Он бесшумно приблизился к Сергею. Горькая обида и возмущение прорвали плотину.
— Я устал, — сказал Сергей, глотая слезы. — У меня руки болят. Сколько же можно так играть?
— Всю жизнь, — коротко ответил Николай Сергеевич и вернулся в кабинет.
Только в восемь часов вечера фортепьянная игра умолкала. Время до десяти часов мальчики могли использовать по своему усмотрению. А какое могло быть «усмотрение», когда тяжелые веки слипались, голова валилась с плеч и трудно было разогнуть ноющую спину!
Леля Максимов был вспыльчив, горяч и непоседлив. Он ухитрялся егозить даже в присутствии Зверева.

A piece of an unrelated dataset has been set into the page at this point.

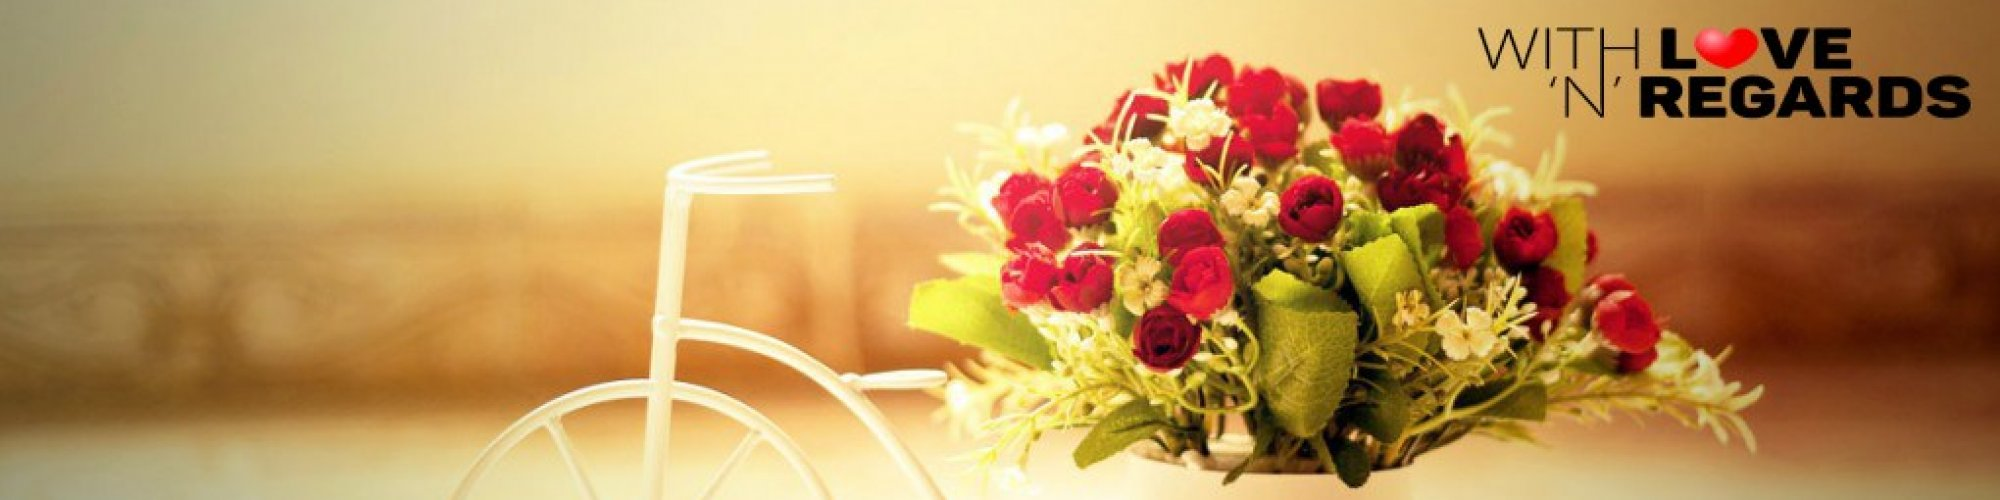 Withlovenregards - Online Flower Delivery in pune
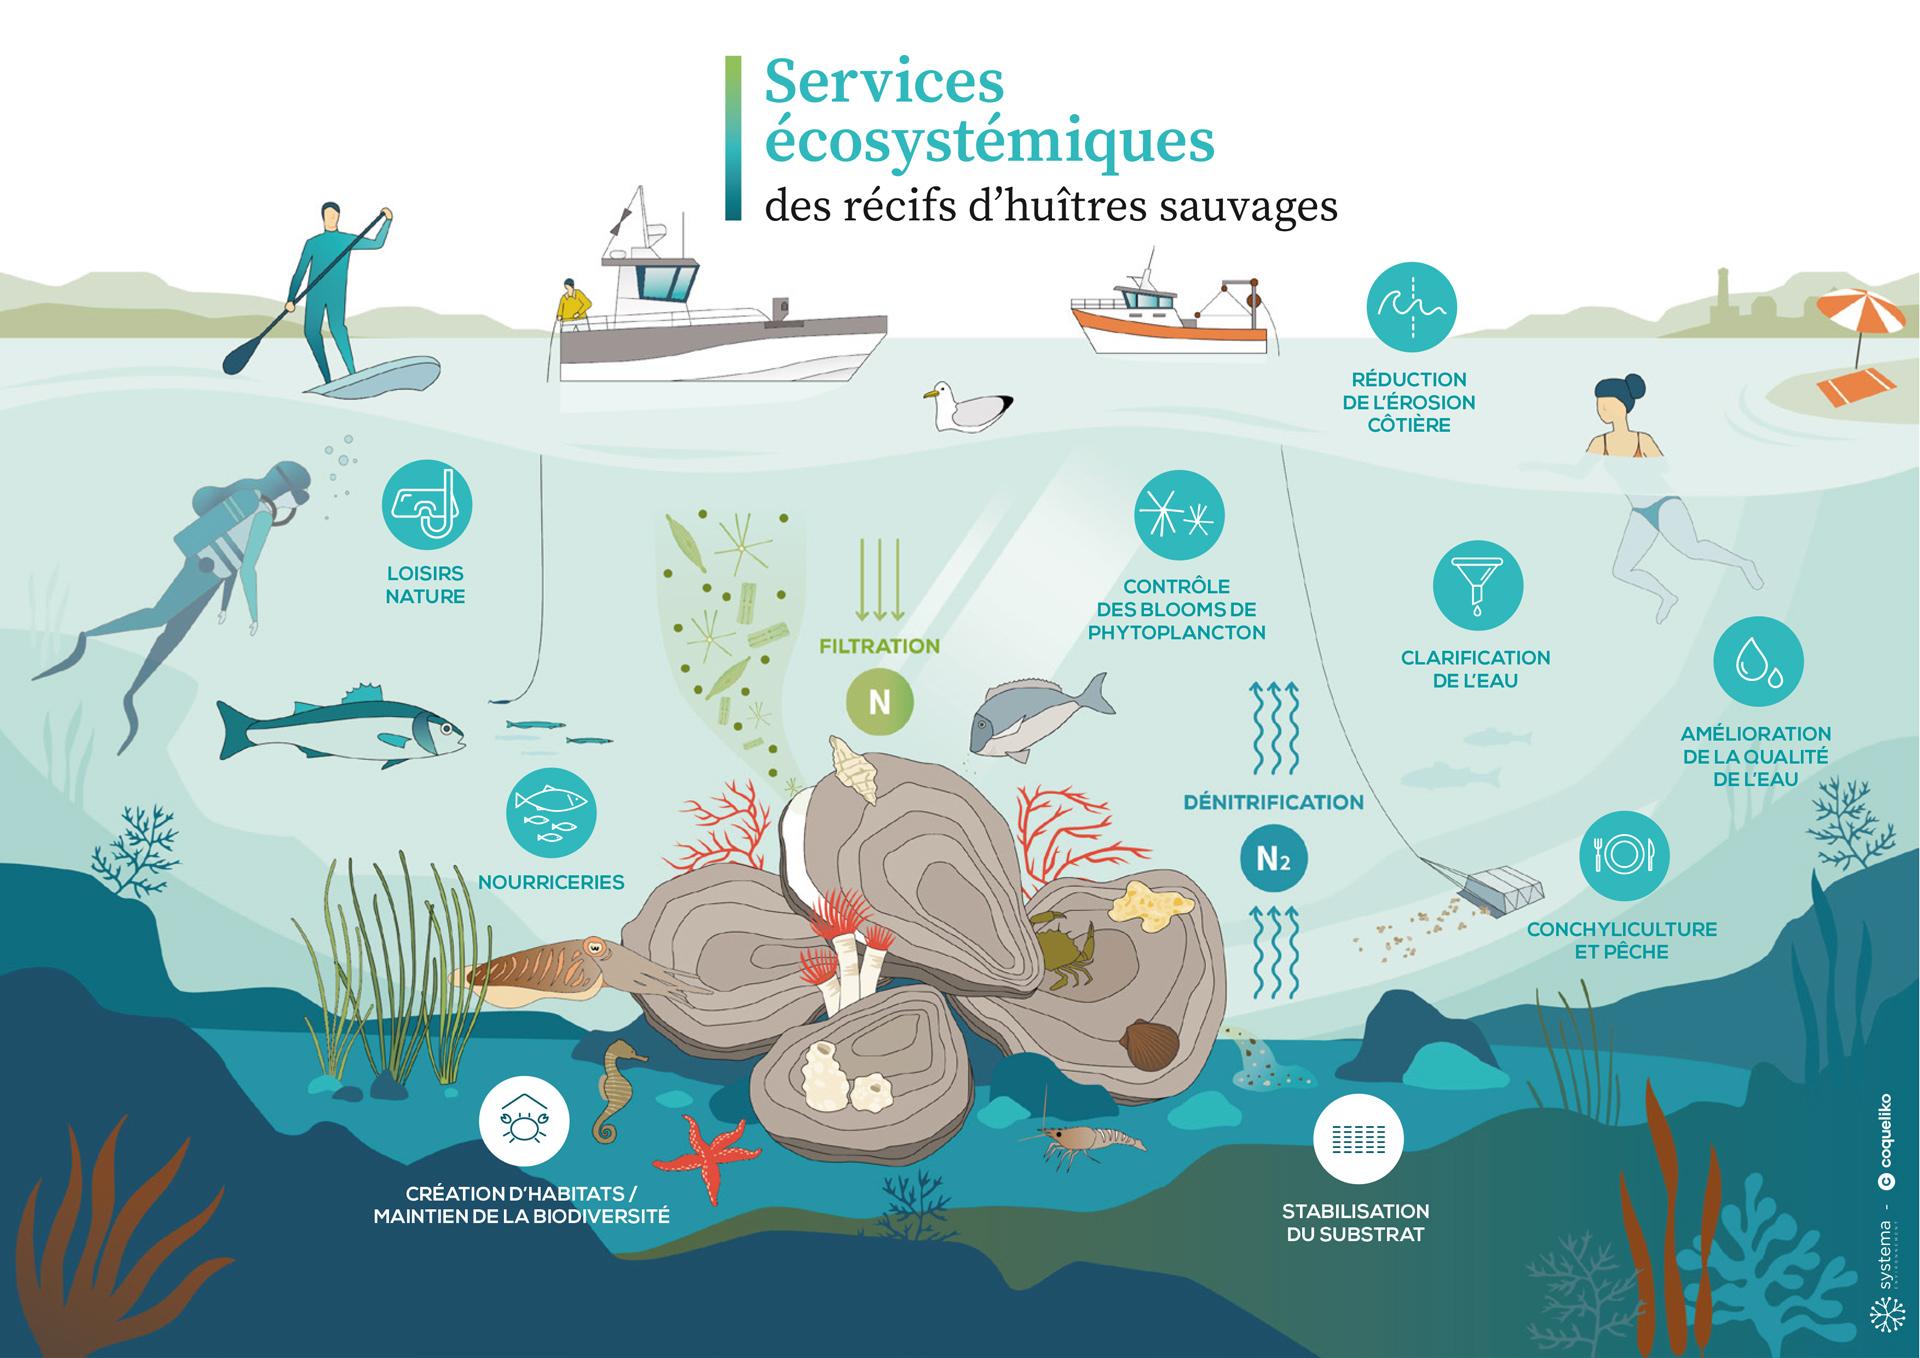 Illustration-nature-services-ecosystemique-bretagne-Agence-Coqueliko-Lannion

Если бы не его из ряда вон выходящая одаренность, не ужиться бы ему в доме Николая Сергеевича.
Мотя Пресман, напротив, был рассудителен и слегка флегматичен. Он двигался не спеша, вразвалку. Был курчав, скуласт, глубоко посаженные темные глаза глядели задумчиво. Несмотря на разницу характеров и темпераментов, мальчики сошлись как-то вдруг.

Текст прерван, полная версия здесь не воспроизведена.